Exercise requirements: Exact copies of all the lines below are required, with the pictures omitted.

Input data:
··········

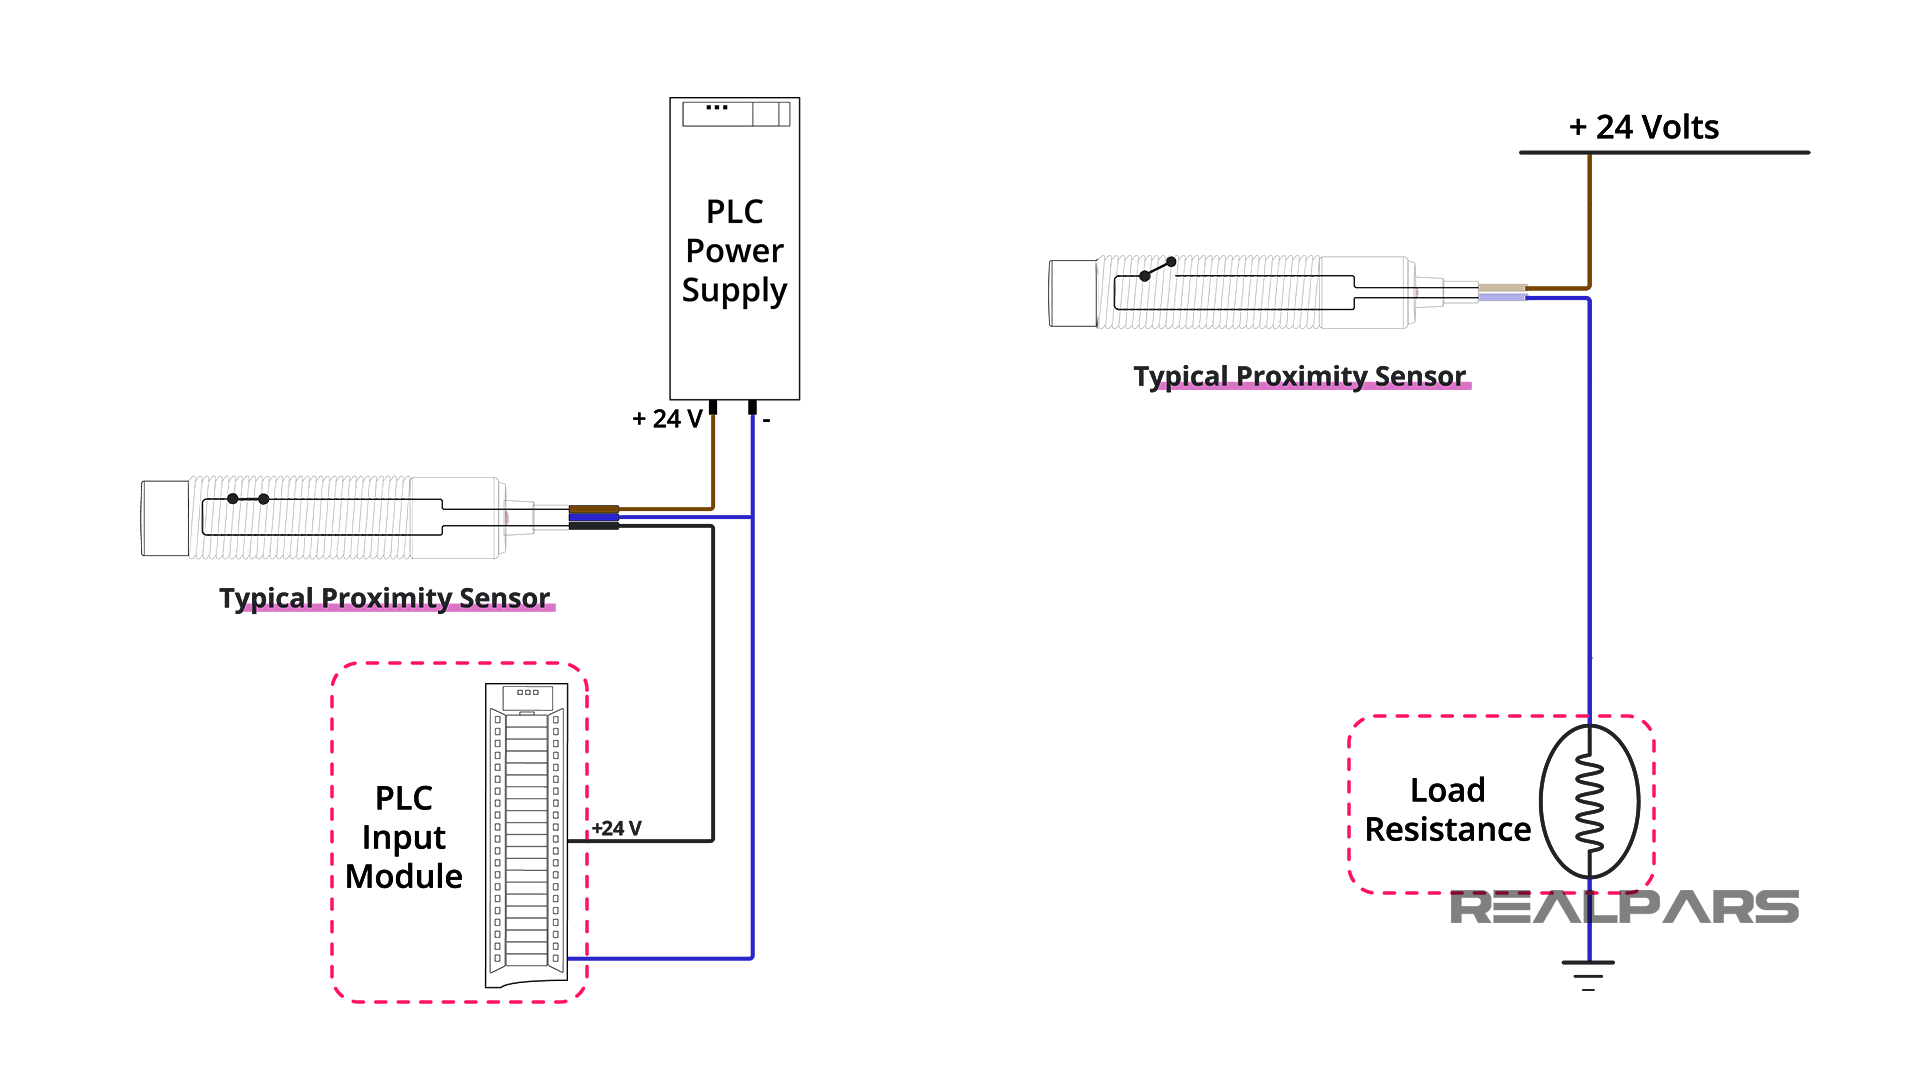 Proximity Sensor DI Signal
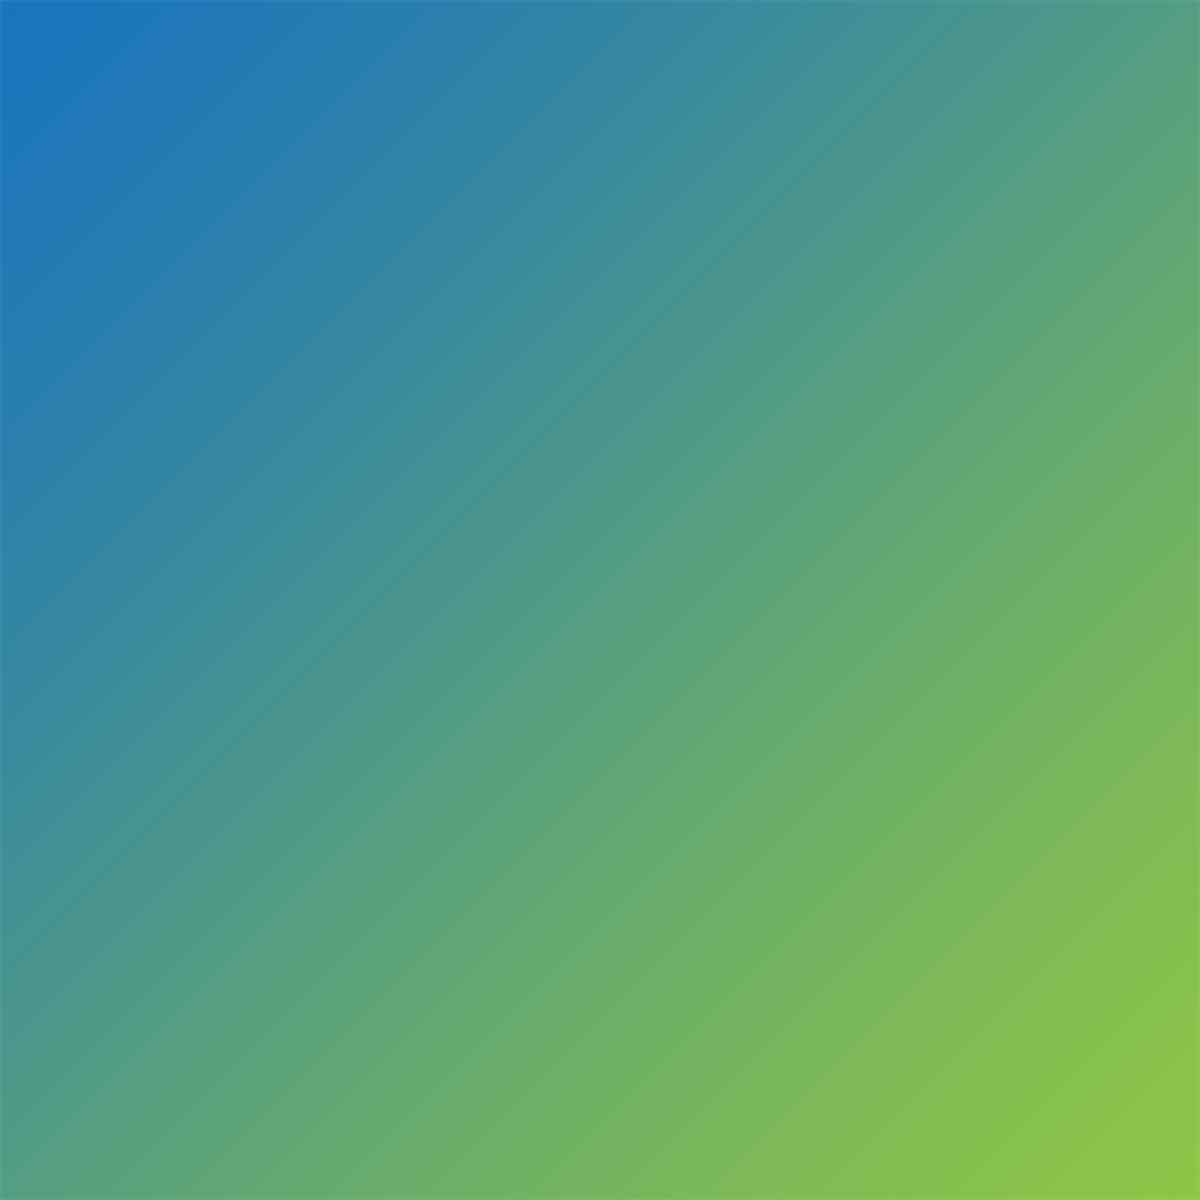 https://akilpohuaraz.com/wp-content/uploads/2018/09/bgn-image-box-gradient.jpg
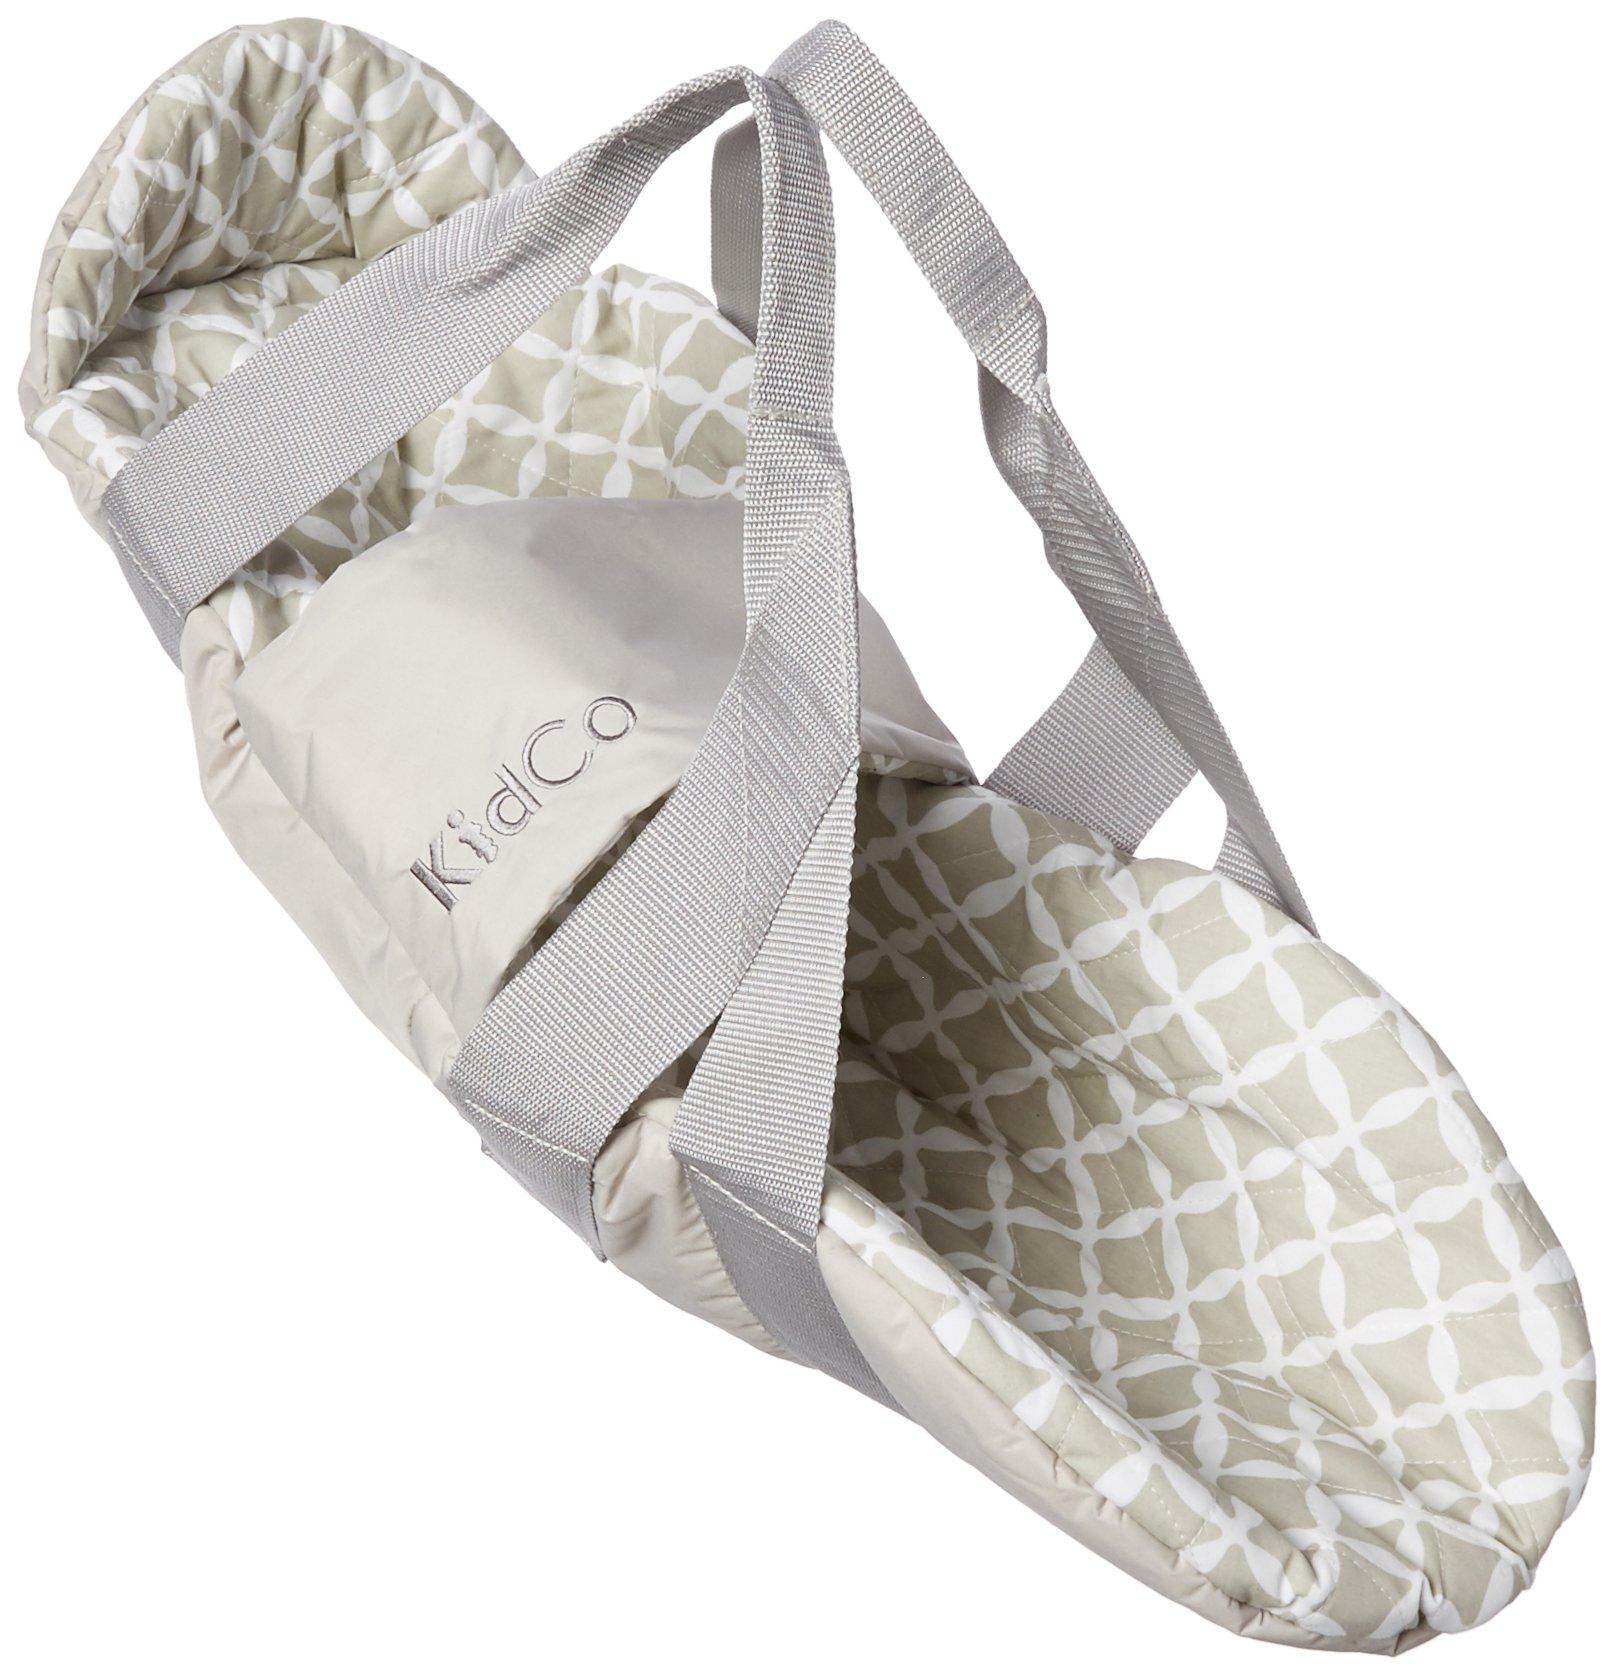 KidCo Swingpod Infant Portable Swaddle Swing, Gray

··········

Written response:
 Proximity Sensor DI Signal
 https://akilpohuaraz.com/wp-content/uploads/2018/09/bgn-image-box-gradient.jpg
 KidCo Swingpod Infant Portable Swaddle Swing, Gray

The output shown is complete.